Exploratory and confirmatory neurocognitive modeling with latent variables
| Agency | National Science Foundation |
| Panel | Methods, Measurement, and Statistics |
| Location | University of California, Irvine |
| Start date | June 2021 |
| End date | May 2025 |
| Budget | $ 349,551.00 |
| Agency code | 2051186 |
| Lead | Joachim Vandekerckhove |
| Other | Ramesh Srinivasan |
| Project text | pn-2051186.pdf |
Abstract
This research project will improve methods for analyzing brain and behavior measurements. Existing methods for combining multiple sources of brain data are limited. They cannot take advantage of the joint measurement of different kinds of brain activity to predict behavior. This project will combine multiple recent developments in mathematical psychology and cognitive neuroscience to arrive at a powerful new data analysis method that can process many sources of data at once. The methods to be developed will identify the shared and unique contributions of brain regions to behavior and can be used to discover new functions of brain regions. Broader use of these methods also will facilitate theory-building in cognitive (neuro)science. The project will involve early-career scientists who will receive training in neuroscience or cognitive science. The investigators will document their modeling techniques as part of a series of publicly available video lectures. The project also will develop a large code base and user-friendly software, thus contributing to the global research and education infrastructure.

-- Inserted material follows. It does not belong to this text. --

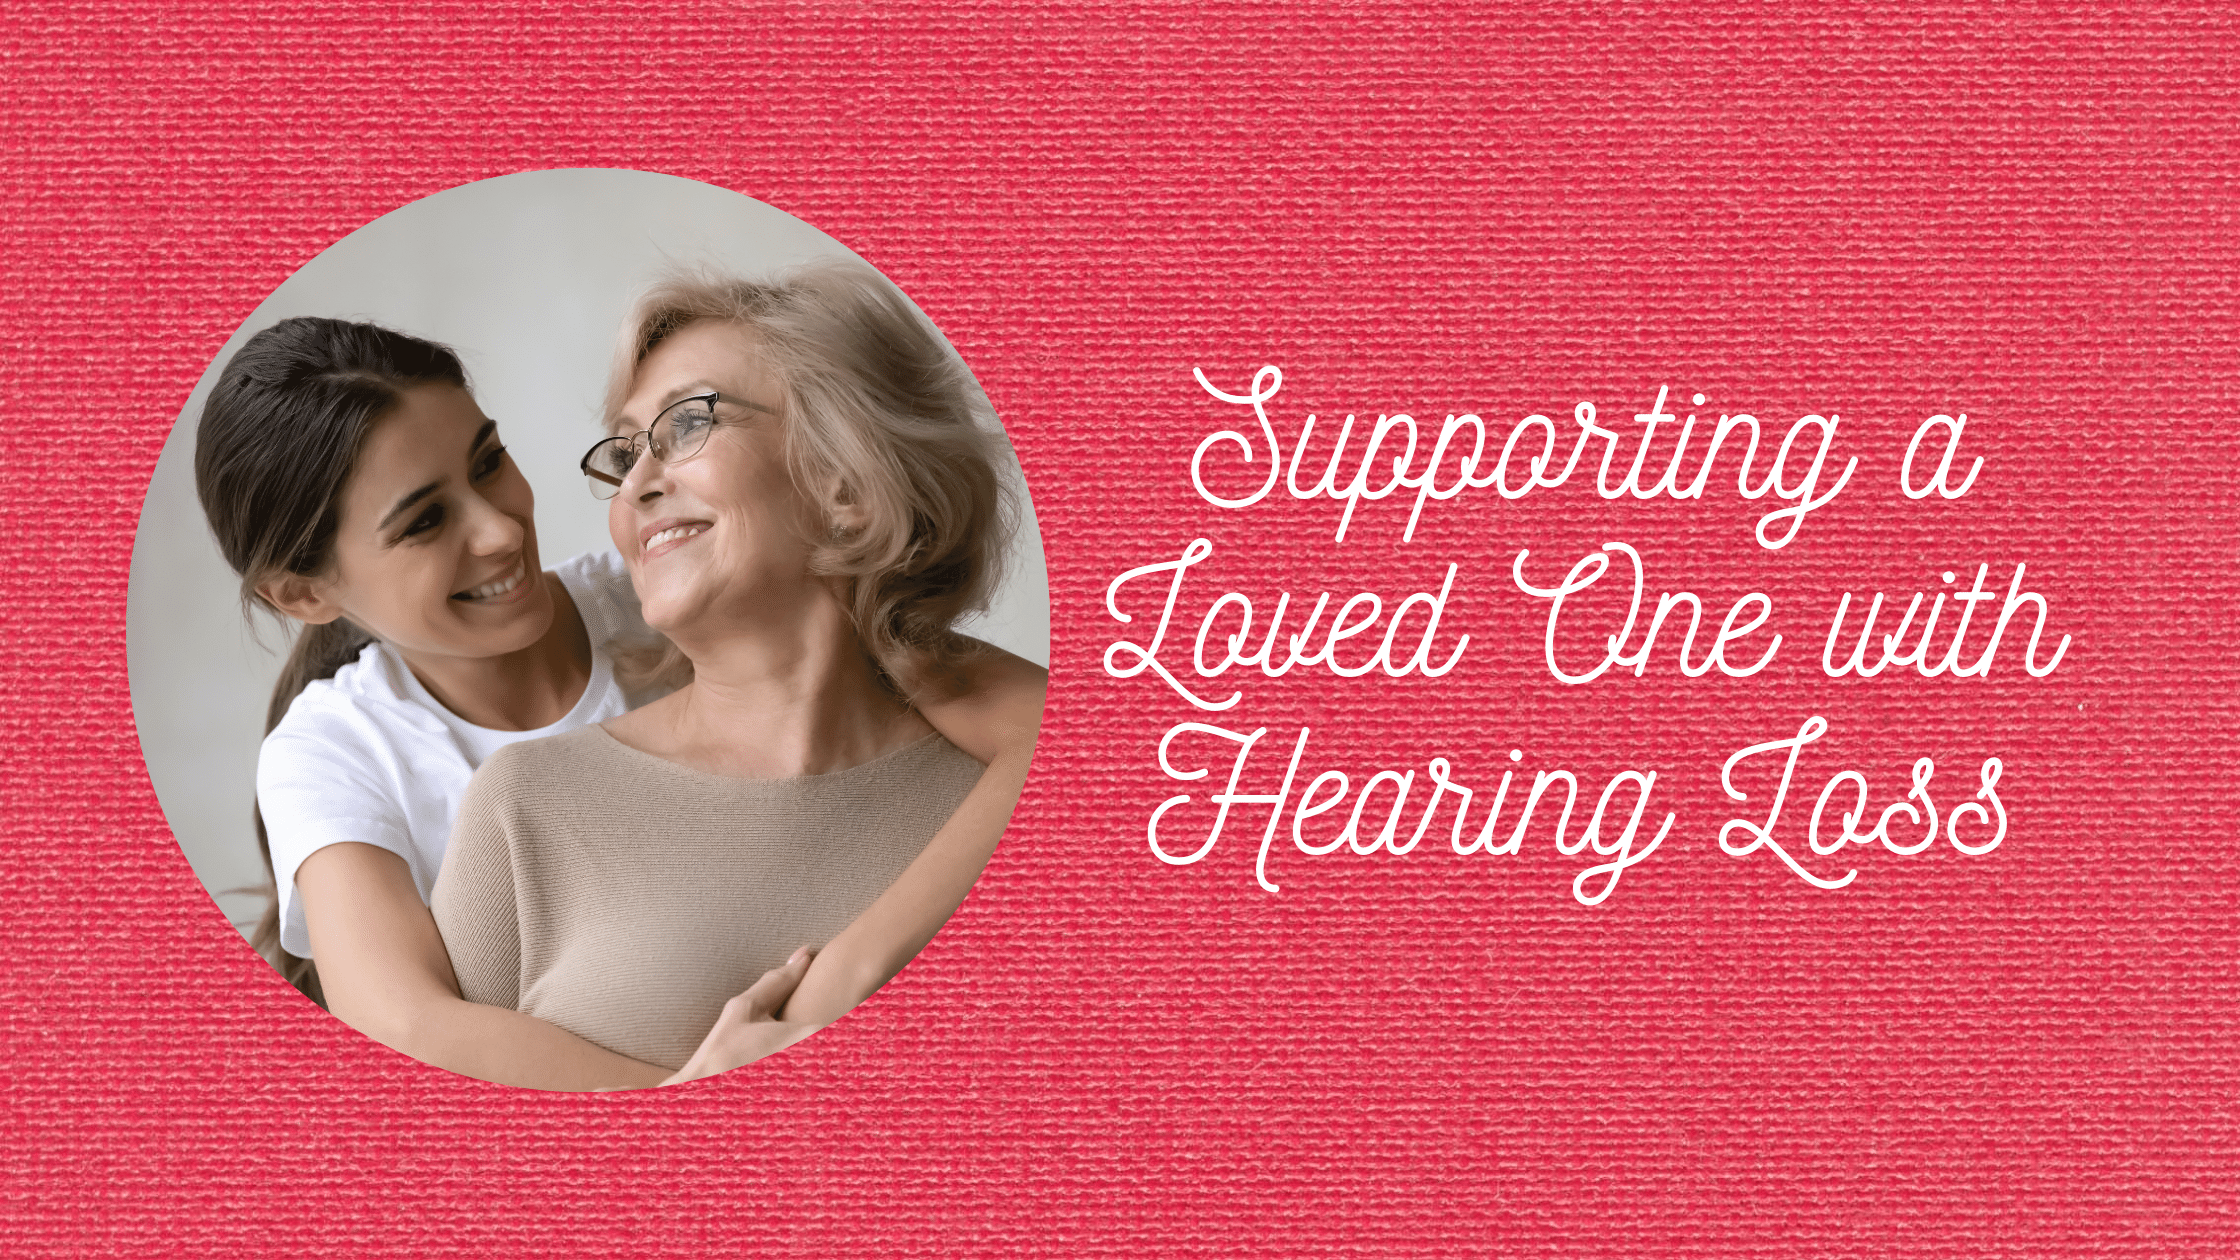 Supporting a Loved One with Hearing Loss

This project will combine recent developments in mathematical psychology (Bayesian latent variable modeling with cognitive models) and cognitive neuroscience (modeling of neurocognitive relationships) to develop new methods for analyzing brain data. Current approaches to brain-data analysis emphasize looking for separate relationships between individual physiological measures and behavior. Direct analysis of the relationship between different types of physiological measures usually does not involve behavioral data. Identification of the processes that give rise to patterns in different measures is carried out without direct links to behavior. However, multiple neuroimaging techniques can provide common underlying information that informs cognitive models of human behavior as well as the physical location of the ongoing processes. For instance, both fMRI and EEG are driven, at least in part, by the same underlying neural processes. At the same time, each technique also contains unique information, so that some cognitive processes underlying human behavior can potentially only be informed by specific techniques or combinations thereof. This project will make it possible to translate such theories about these complex relationships into principled statistical models whose predictions and assumptions can be put to the empirical test. The new methods will be applied to archival data sets, thus contributing to generalizable knowledge in a way that is cost-effective and ethical.